▶ _DESCRIPTION OF THE TASK_
Your output should be the lines from the one containing "coworkers team work" through the end of the listing, exact and inclusive, with no pictures.

▶ _DATASET EXTRACT_
—————
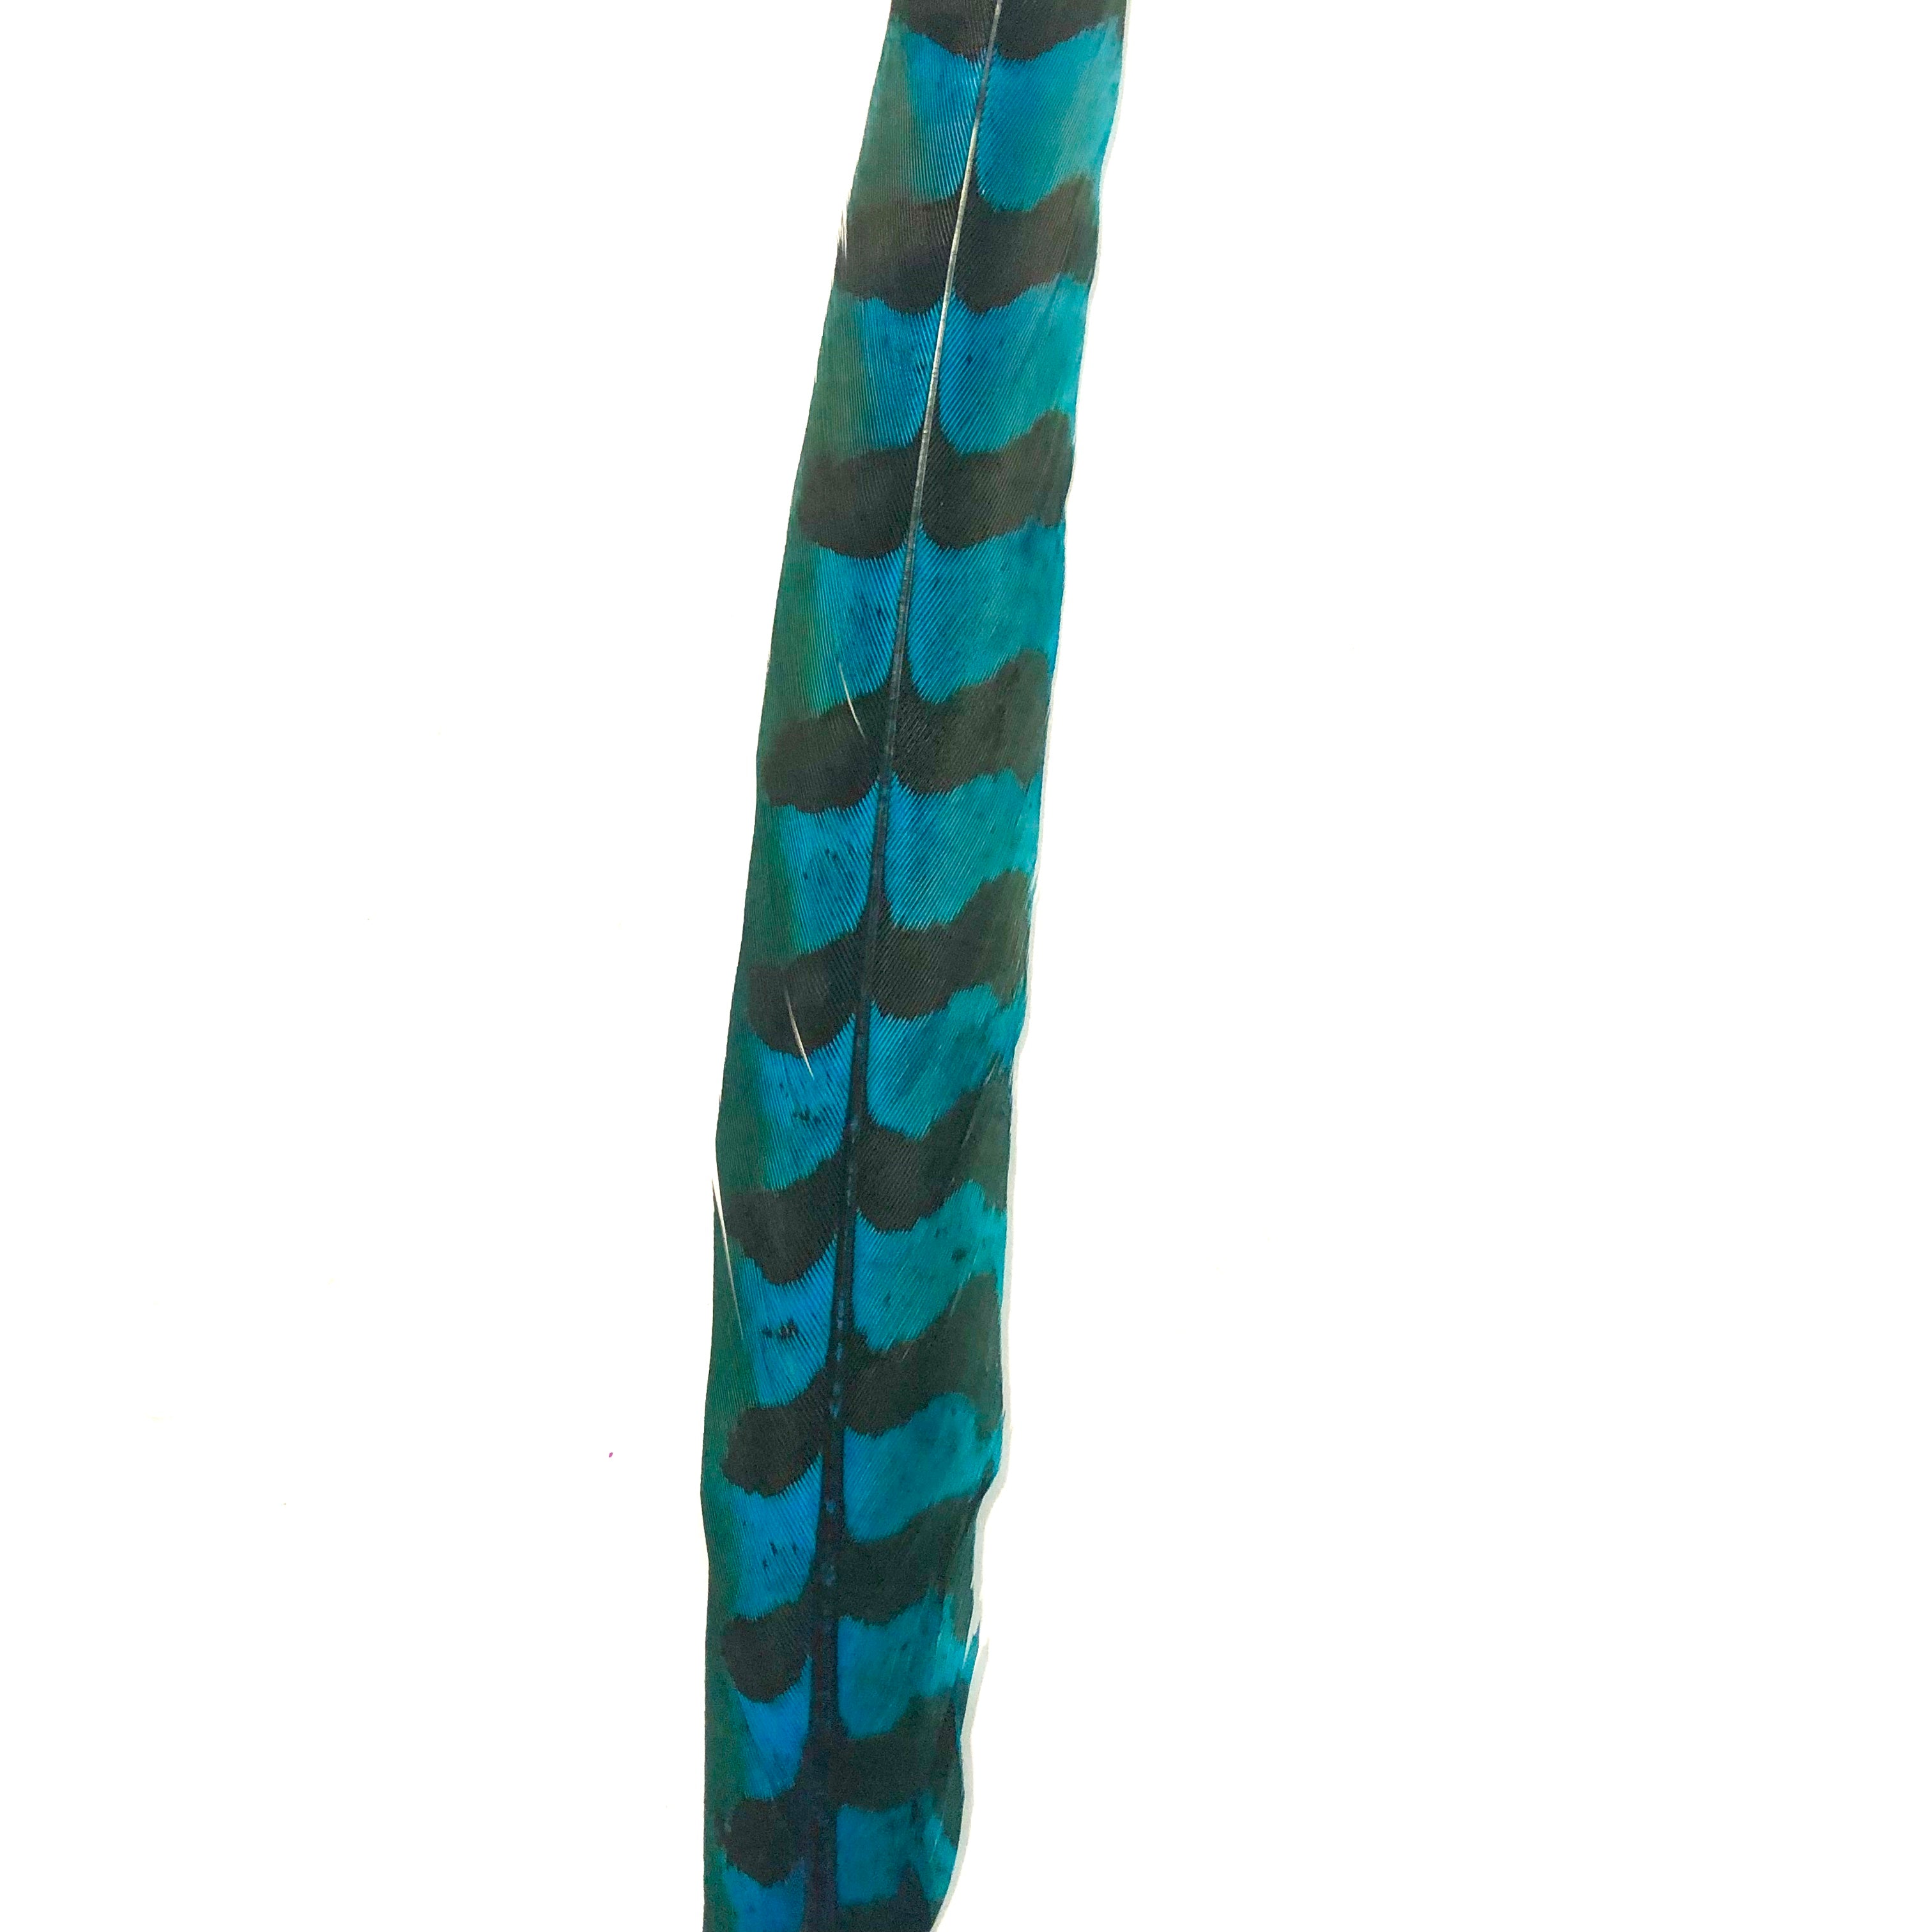 12" to 14" Reeves Pheasant Tail Feather - Turquoise
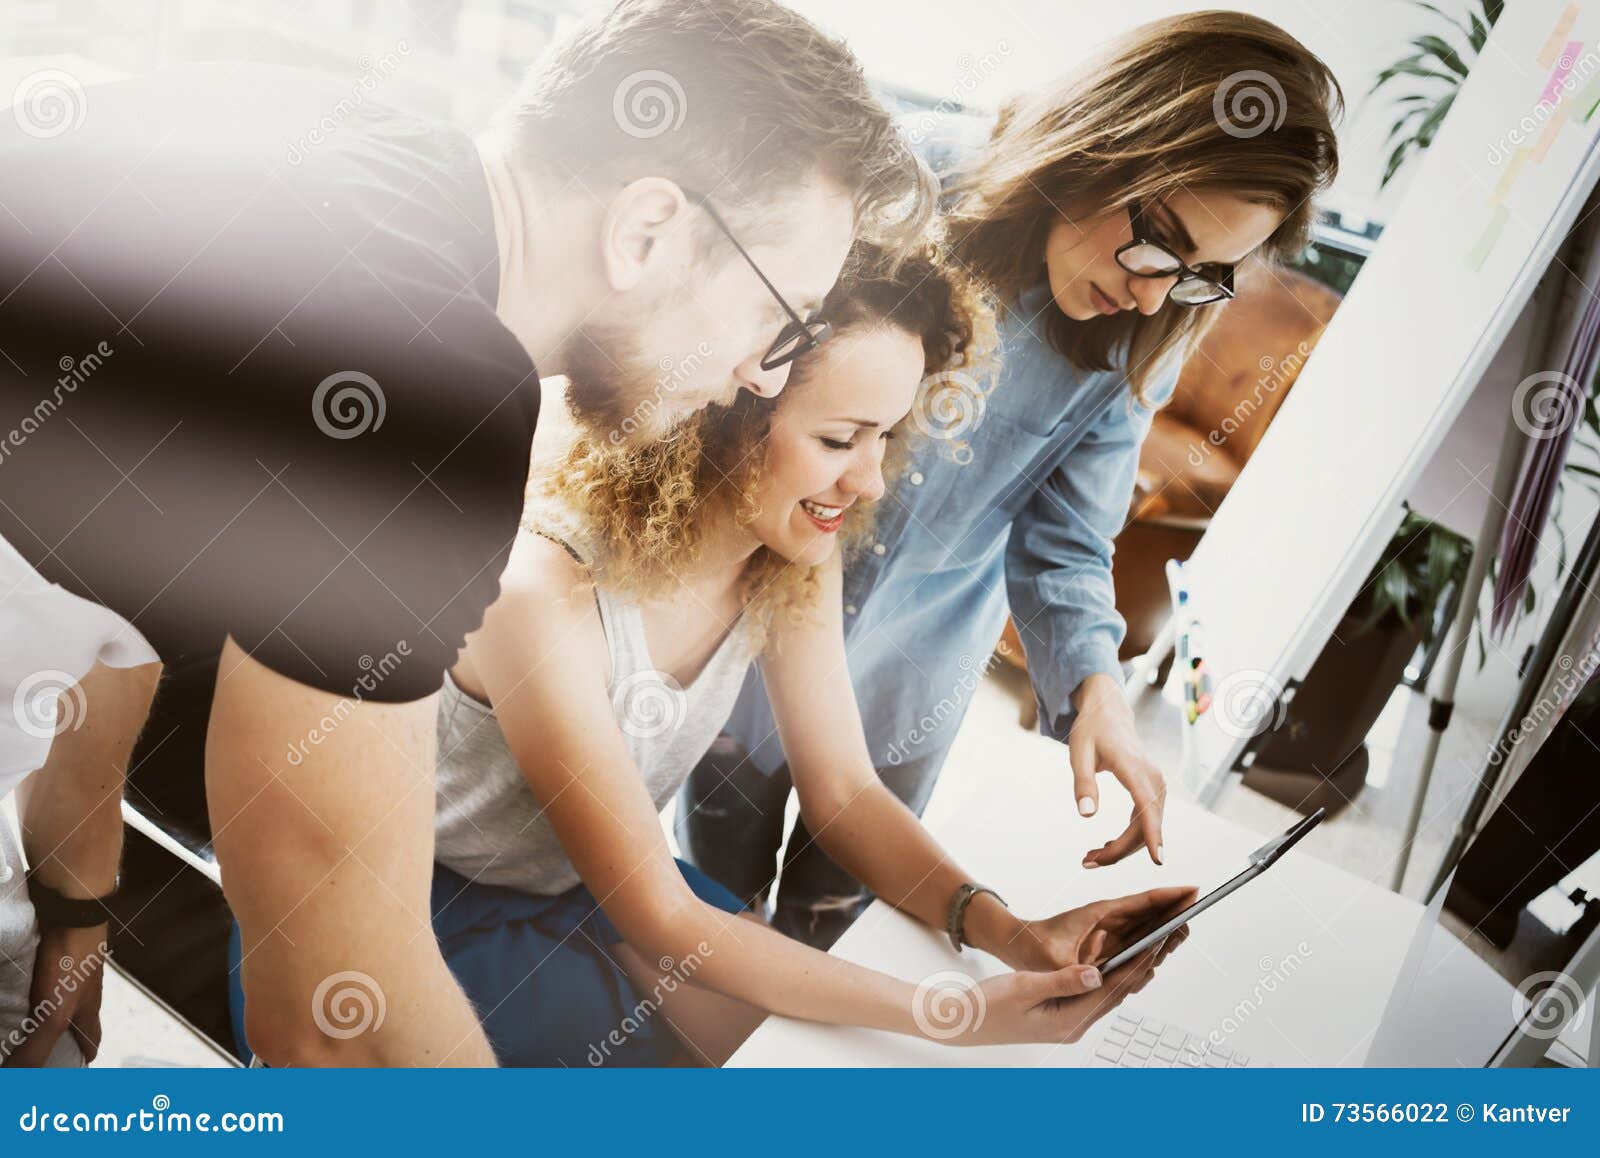 coworkers team work modern office place. account manager showing new business idea startup presentation. woman touching
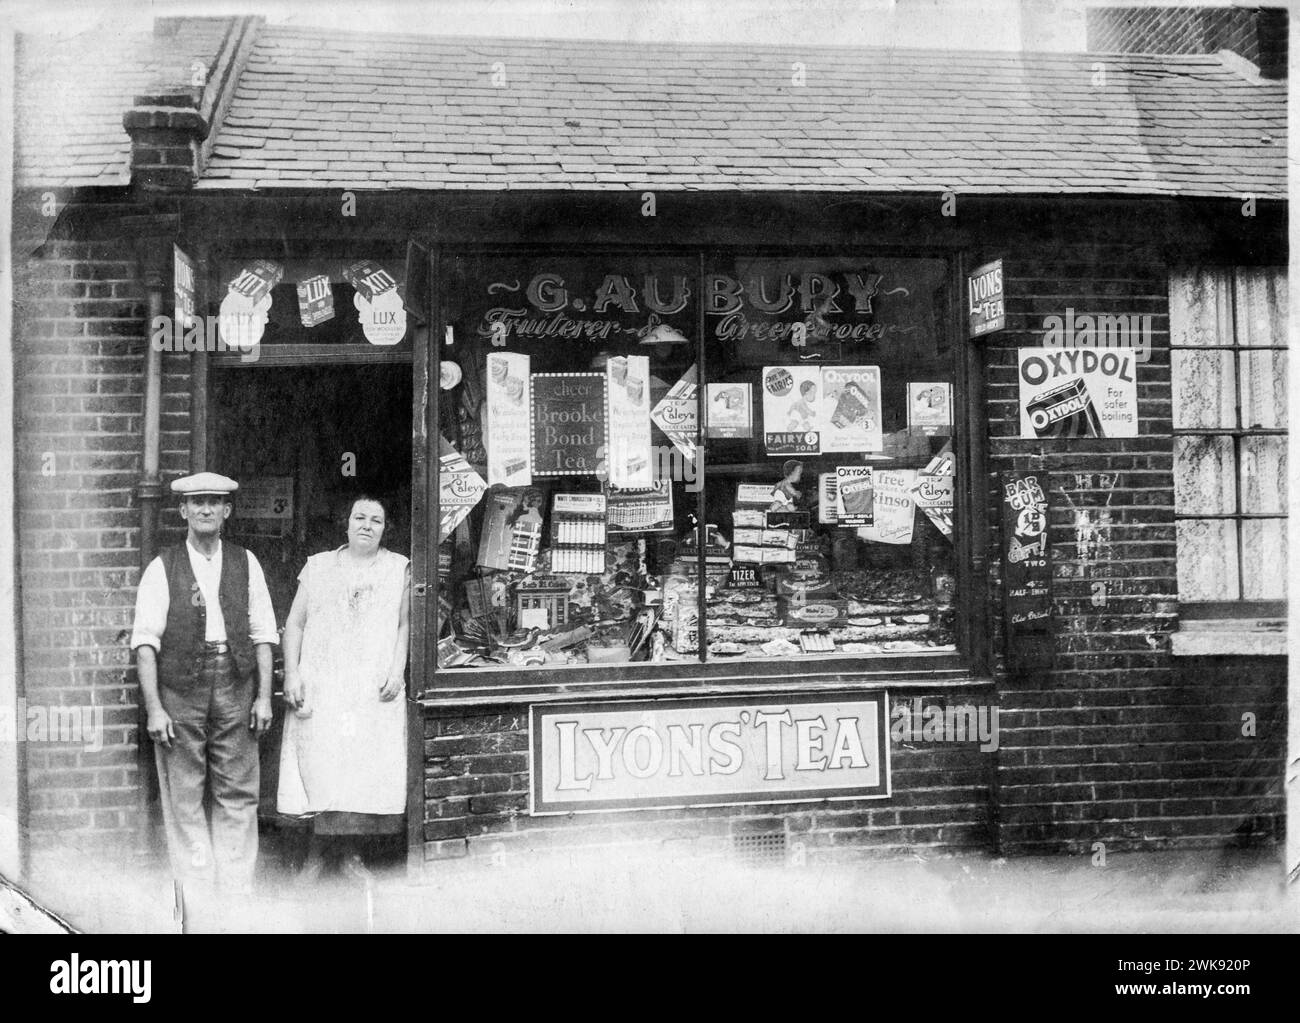 Black & white family snapshot of George Aubury and his sister-in-law, Caroline Aubury, outside their family fruit and grocery shop in Battersea Park Road, South London, in the early 1930s. Stock Photo
—————
▶ _SOLUTION BELOW_
 coworkers team work modern office place. account manager showing new business idea startup presentation. woman touching
 Black & white family snapshot of George Aubury and his sister-in-law, Caroline Aubury, outside their family fruit and grocery shop in Battersea Park Road, South London, in the early 1930s. Stock Photo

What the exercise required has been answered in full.